Dopo lo stop al Dall’Ara contro il Bologna, è intervenuto Mattia Zaccagni ai microfoni di DAZN: “La sconfitta è un insieme di tante cose. La prestazione è stata pessima, non all’altezza di una sfida contro una bella squadra. Non deve essere un alibi la stanchezza, anzi dobbiamo essere orgogliosi di poter competere su diversi fronti. L’unica cosa che mi sento di dire è di chiedere scusa ai tifosi”.

Il ritorno in Nazionale può regalarti il sorriso.
“Indossare la maglia della Nazionale per me è sicuramente un motivo di grande orgoglio, è grazie a tutti”.

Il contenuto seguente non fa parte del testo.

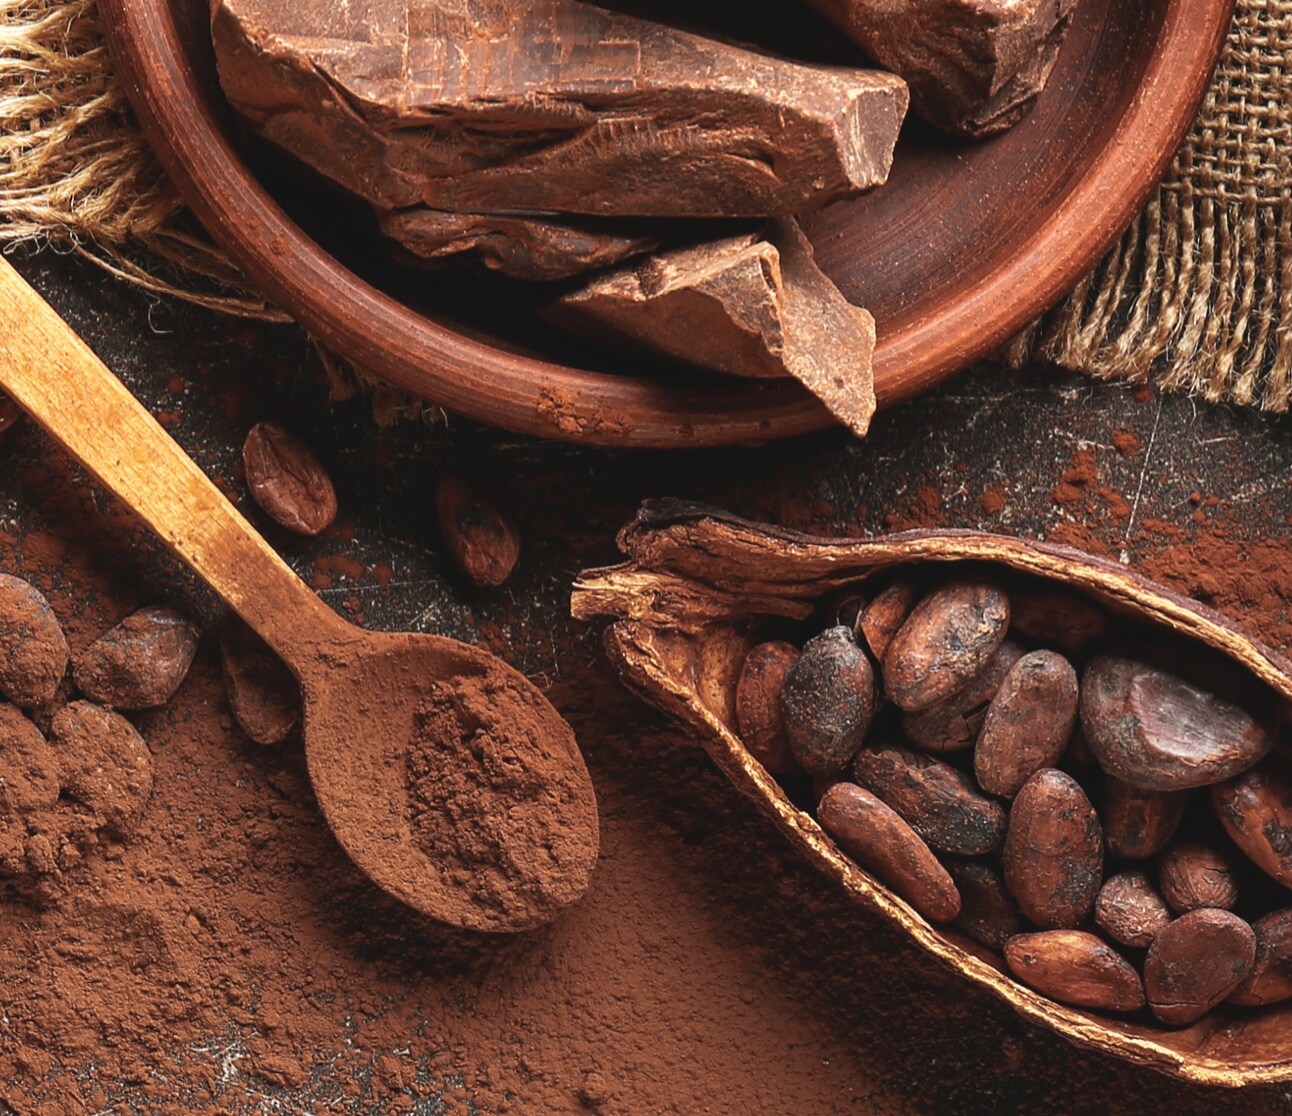 Chocolate and cocoa

La sosta può venire incontro alla Lazio?
“Penso sia normale, giocando tante partite, subire la stanchezza. Le grandi squadre, i grandi giocatori devono saper reagire. Non si possono giocare tutte al 100% e dobbiamo comunque comportarci meglio per portare a casa il risultato”.

La mancanza di Castellanos si è sentita?
“Lui è un giocatore importante. Oggi però penso non sia importante capire chi c’era e chi no: la prestazione di oggi sia stata pessima da parte di tutto il gruppo e ci assumiamo le responsabilità”.